Это унизительно, подумал Юлий. Я, император, первая фигура в Человеческой Империи, валяюсь в кровати, как паралитик, в то время, когда идет война и люди нуждаются в моем присутствии.
Не желая беспокоить сюзерена, медперсонал применил в его отношении политику гриба, то есть держал в темноте и кормил конским навозом. На свои вопросы Юлий получал заверения, что все идет нормально и ему не стоит беспокоиться о ничего не значащих подробностях.
В это верилось с трудом. Юлий не сомневался в компетенции Клозе и его способностях решать текущие проблемы, но ситуация в Империи сильно не дотягивала до нормы и во времена, когда Юлий занимался делами сам.
Иногда Юлию даже начинало казаться, что его палата находится не в Букингемском дворце, а на другой планете, так он был далек от текущих событий. Единственными ниточками, которые связывали его с внешним миром, стали визиты Пенелопы и Клозе. Они приходили по очереди и занимали императора не меньше часа. Юлий понимал, что отрывает их от более важных дел, но они не реагировали на его просьбы отвалить и продолжали болтать с ним на отвлеченные темы.
Сейчас была очередь Пенелопы.
— Чего я не понимаю в семейной истории, — говорила она, — так это почему наш род обошелся всего лишь графством. Сам прикинь, наш родоначальник был одним из ближайших соратников Петра Первого — так с чего это император не сделал его герцогом или маркизом? Почему другие семьи получили гораздо больше?
— Полагаю, потому что первый Морган хотел быть именно графом, — сказал Юлий. — Боюсь, что свои мотивы он унес с собой в могилу. В детстве я задавал подобный вопрос нашему отцу, но и он не смог меня просветить. Кстати, у тебя всегда была возможность стать маркизой или герцогиней — надо было всего лишь удачно выйти замуж.
— Зато теперь я сестра императора.
— И все равно графиня. Хотя твои возможности выйти замуж неизмеримо возросли. Только заяви о таком желании, и женихи выстроятся в очередь.
— Ты становишься таким же нудным, как папа.
— Как старший член нашей маленькой семьи я и должен быть таковым, — заявил Юлий. — Что там с Вайсбергом?

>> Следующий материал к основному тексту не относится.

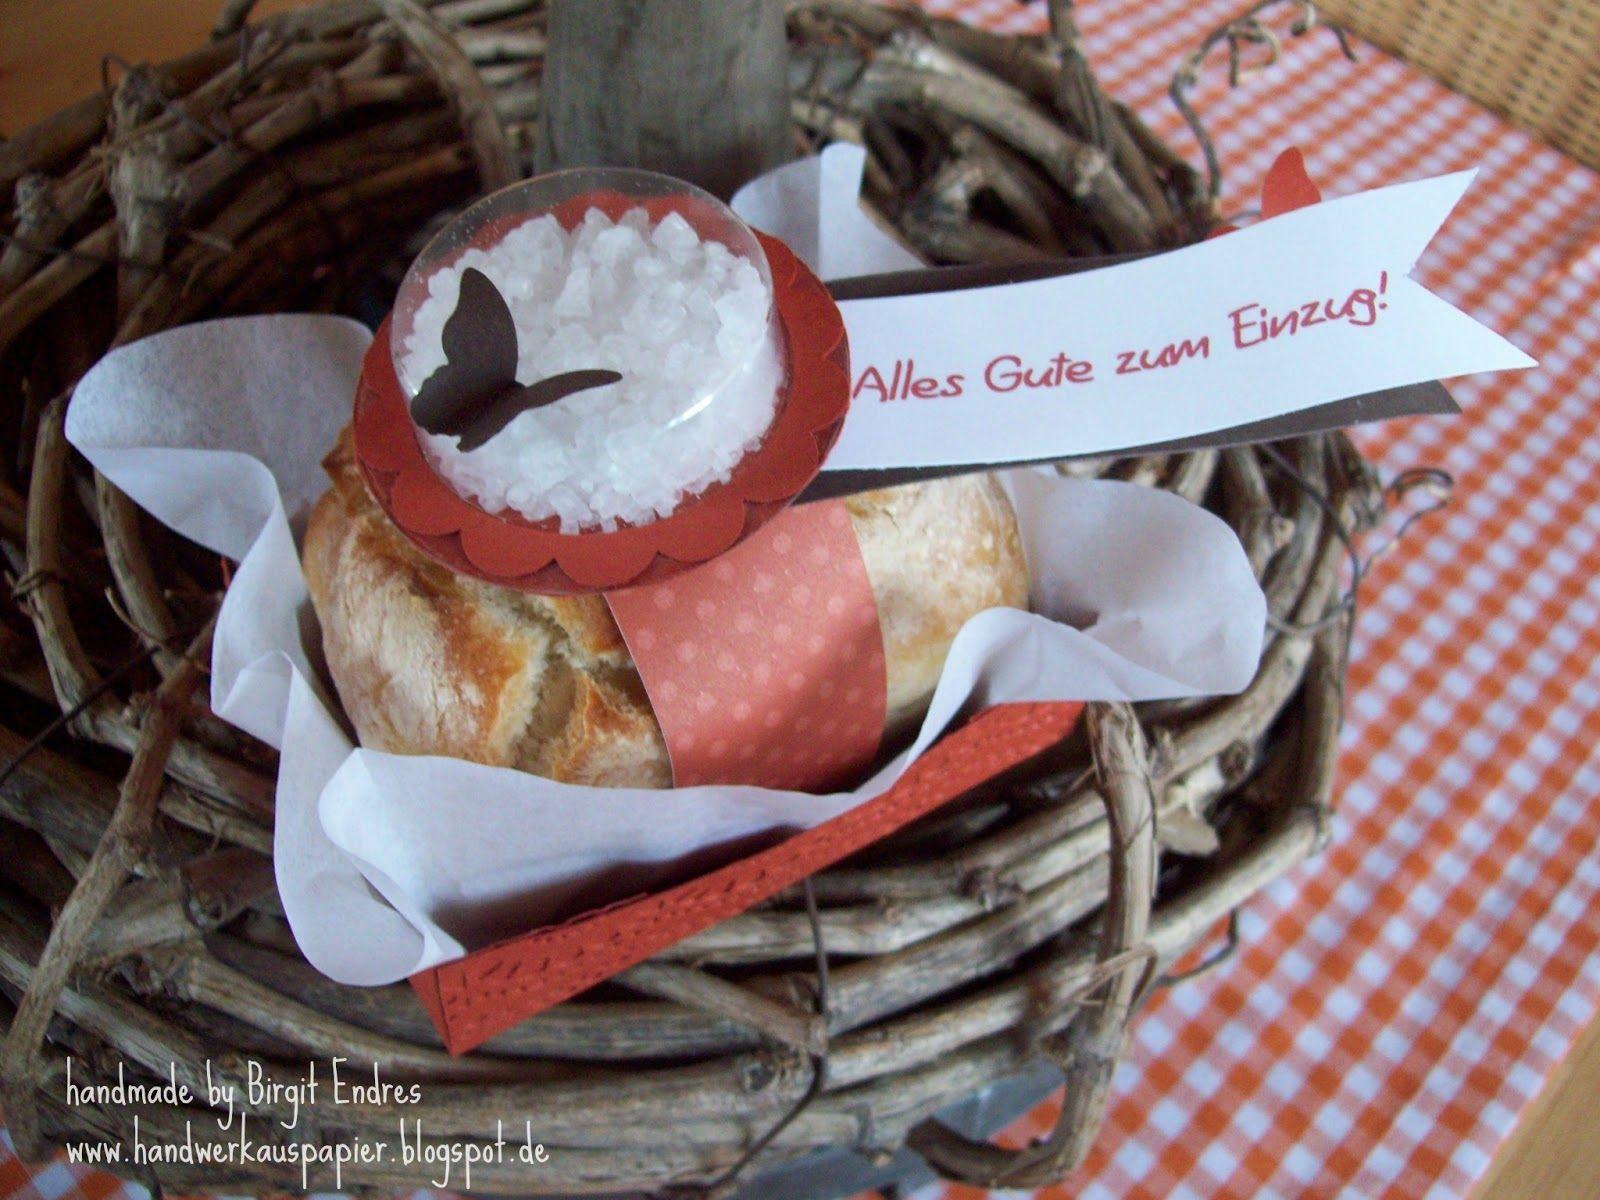 So Heute Gibt Es Nur Schnell Noch Ein Projekt Das Gestern Noch Ganz Spontan Entstanden Ist Weil Ich Am Sonntag Brot Und Salz Geschenke Sussigkeiten Geschenk

— Все в норме, — мгновенно отреагировала Пенелопа. Юлию еще ни разу не удалось застать ее врасплох внезапной сменой темы разговора.
— У меня такое впечатление, что я угодил в монастырь, все монахи которого постоянно повторяют одну и ту же мантру «все в норме», — пожаловался Юлий. — А я, между прочим, ваш сюзерен.
— Сейчас ты в первую очередь пациент, — сказала Пенелопа. — Боевой пилот! Чуть дуба на командном посту не врезал. Тебе сколько лет, старичок? Судя по диагнозу, сто двадцать.
— Это все нервное, — попытался оправдаться Юлий.
— Вот именно. Поэтому не задавай вопросов, когда слышишь, что все в норме.
— Можно подумать, если что-то где-то обломится, вы меня известите.
— Обязательно, — заявила вредная сестрица, но ее улыбка говорила об обратном.
Юлий попытался бы сбежать из лазарета, если бы не чертова система жизнеобеспечения, к которой он был подключен. Таскать за собой полтонны медицинского оборудования, пусть и на колесиках, у него не было ни желания, ни сил.

 

Клозе игнорировал Рокуэлла три дня, и тот становился все настойчивей в своем желании видеть императора. В конце концов Клозе решил с ним поговорить, пока тот не напридумывал по поводу состояния здоровья Юлия каких-нибудь ужасов.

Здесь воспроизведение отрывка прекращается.